**ABOUT THIS EXERCISE**. Would you return the listing exactly as written, apart from its pictures?

**DATASET CONTENT**.

^^^^^^^^

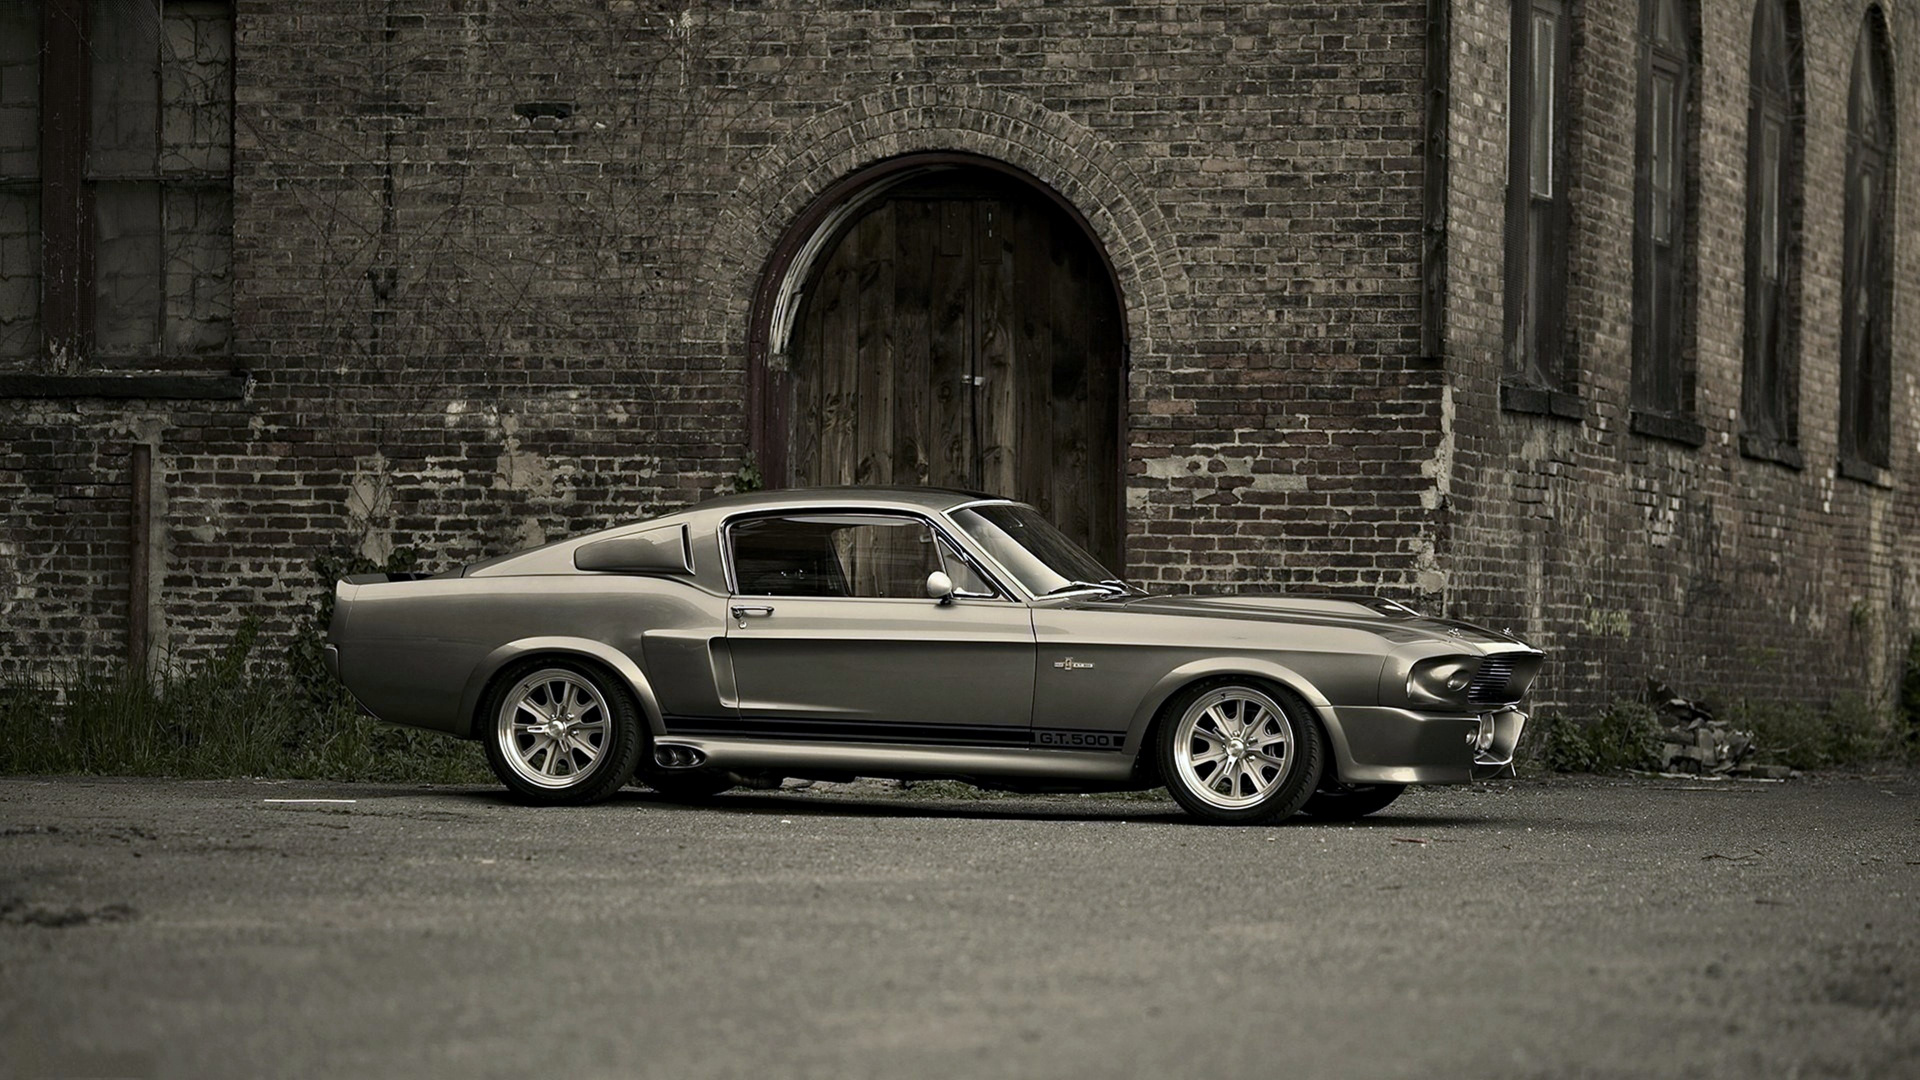 Grayscale Photo of Coupe Parked Beside Brick Wall. Wallpaper in 1920x1080 Resolution
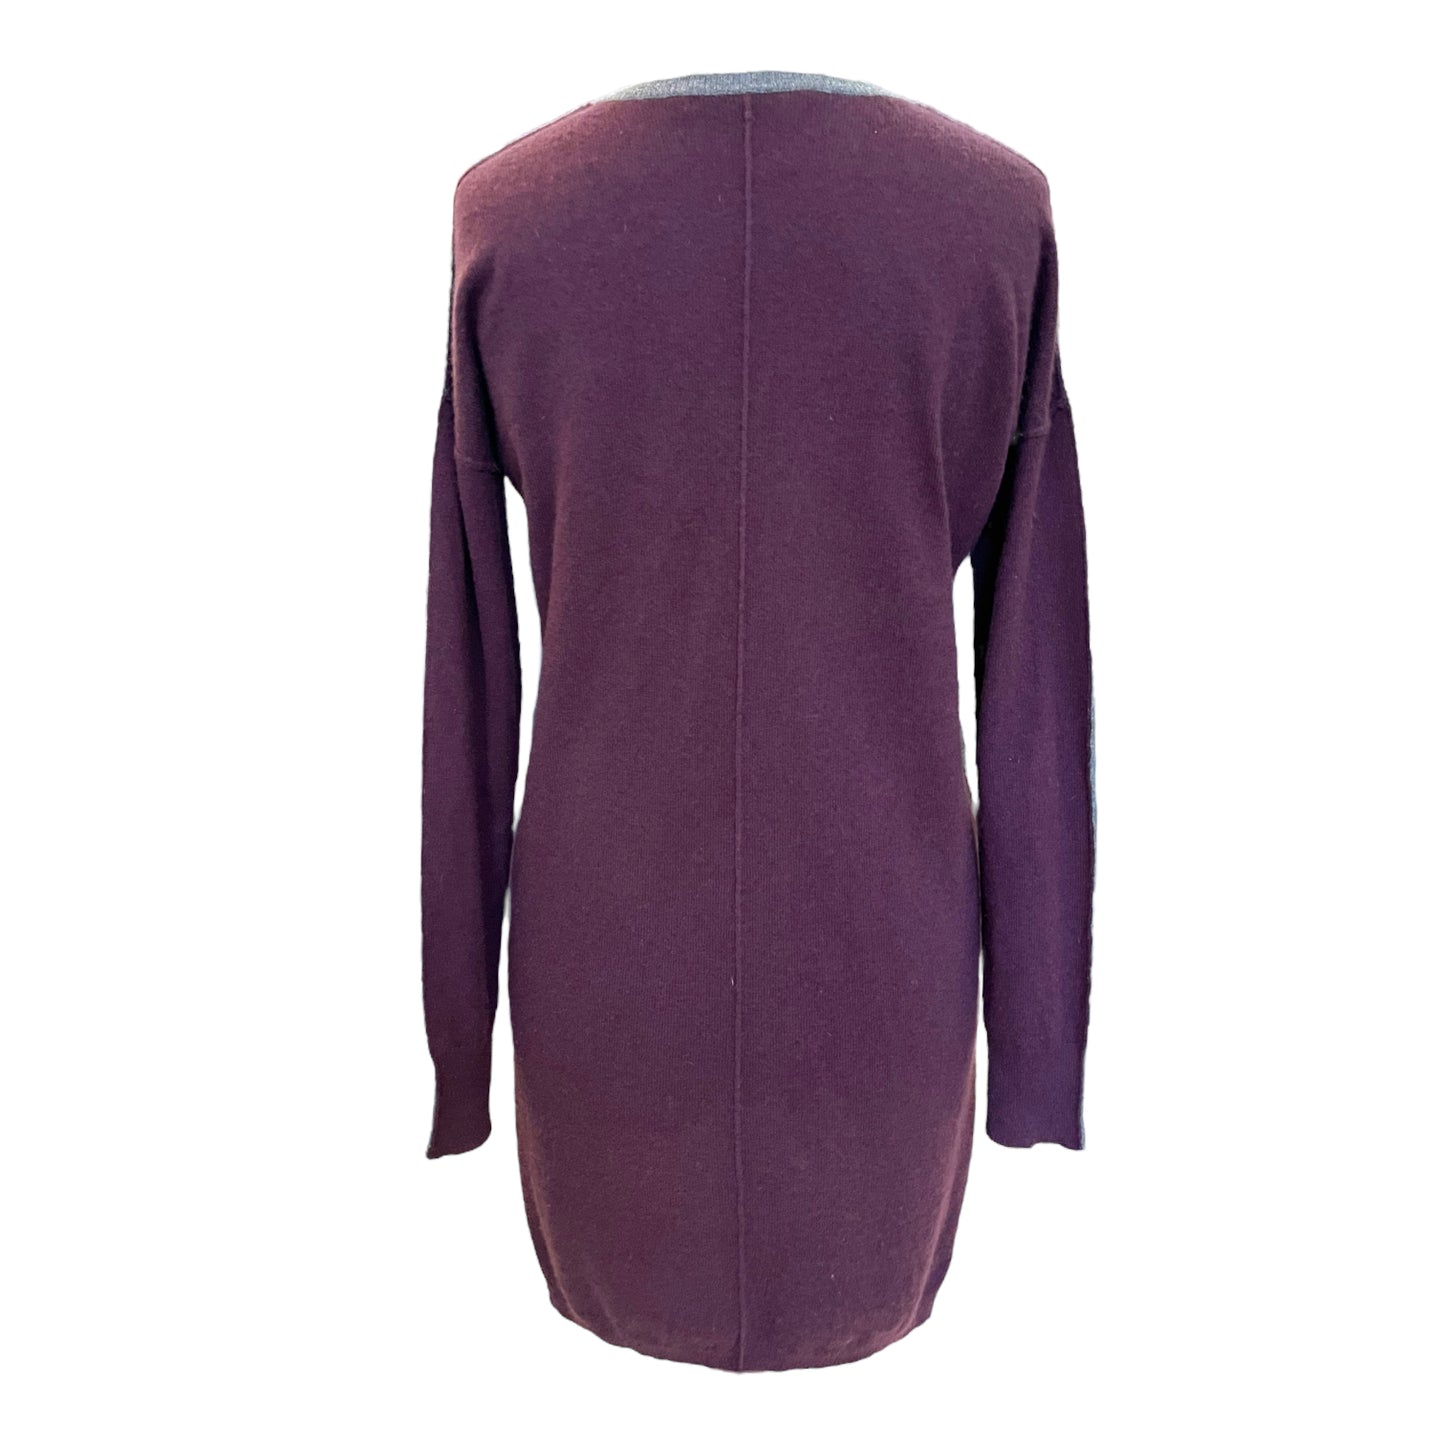 360 Cashmere Grey and Purple Jumper
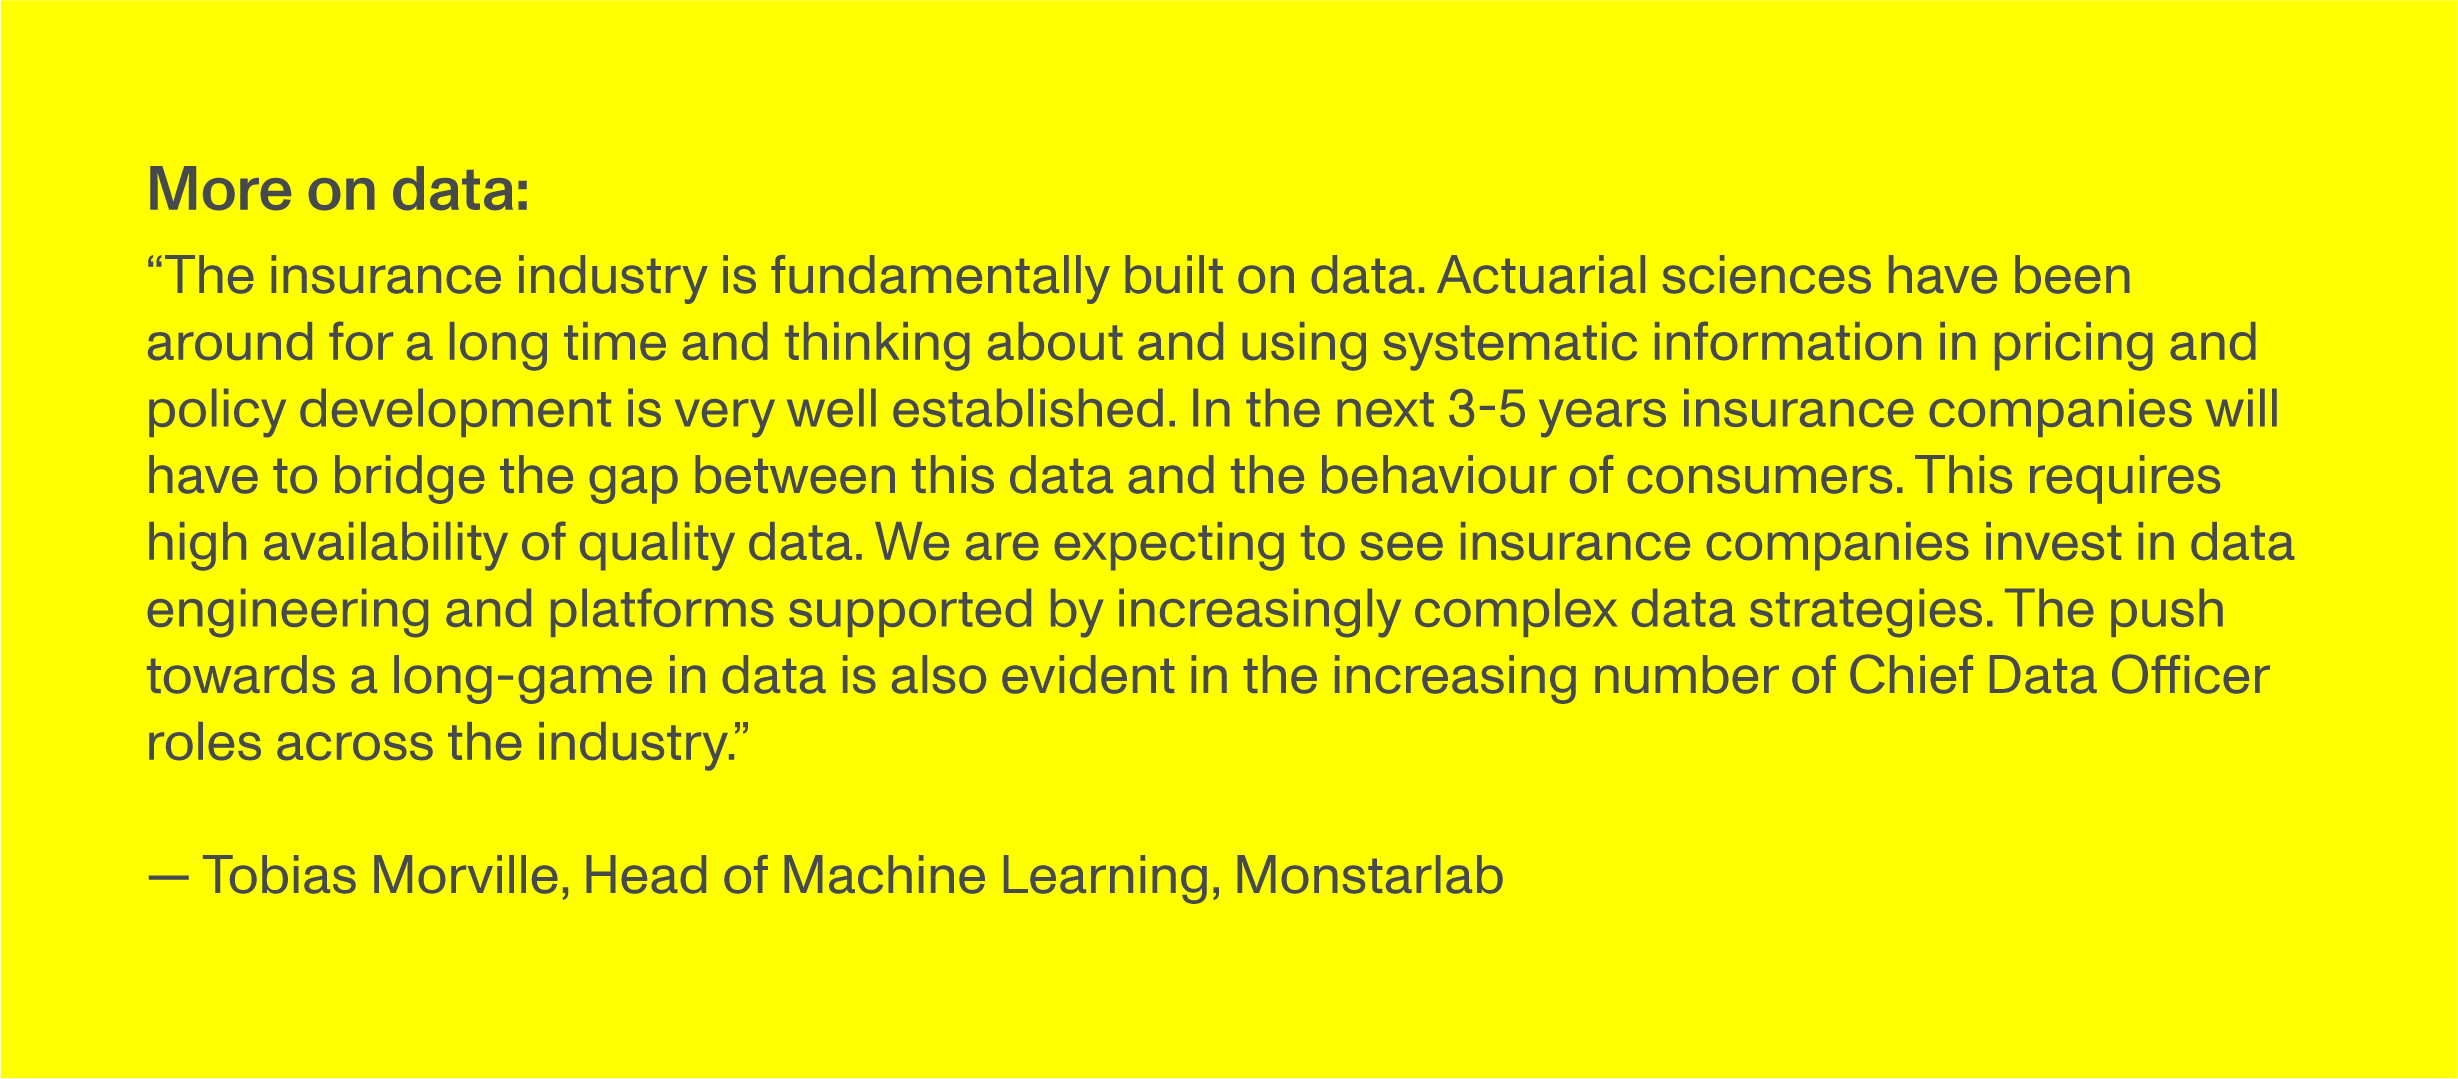 More on data: “The insurance industry is fundamentally built on data. Actuarial sciences have been around for a long time and thinking about and using systematic information in pricing and policy development is very well established. In the next 3-5 years insurance companies will have to bridge the gap between this data and the behaviour of consumers. This requires high availability of quality data. We are expecting to see insurance companies invest in data engineering and platforms supported by increasingly complex data strategies. The push towards a long-game in data is also evident in the increasing number of Chief Data Officer roles across the industry.” -Tobias Morville, Head of Machine Learning, Monstarlab

^^^^^^^^

**SOLUTION TO THIS TASK**.
 Grayscale Photo of Coupe Parked Beside Brick Wall. Wallpaper in 1920x1080 Resolution
 360 Cashmere Grey and Purple Jumper
 More on data: “The insurance industry is fundamentally built on data. Actuarial sciences have been around for a long time and thinking about and using systematic information in pricing and policy development is very well established. In the next 3-5 years insurance companies will have to bridge the gap between this data and the behaviour of consumers. This requires high availability of quality data. We are expecting to see insurance companies invest in data engineering and platforms supported by increasingly complex data strategies. The push towards a long-game in data is also evident in the increasing number of Chief Data Officer roles across the industry.” -Tobias Morville, Head of Machine Learning, Monstarlab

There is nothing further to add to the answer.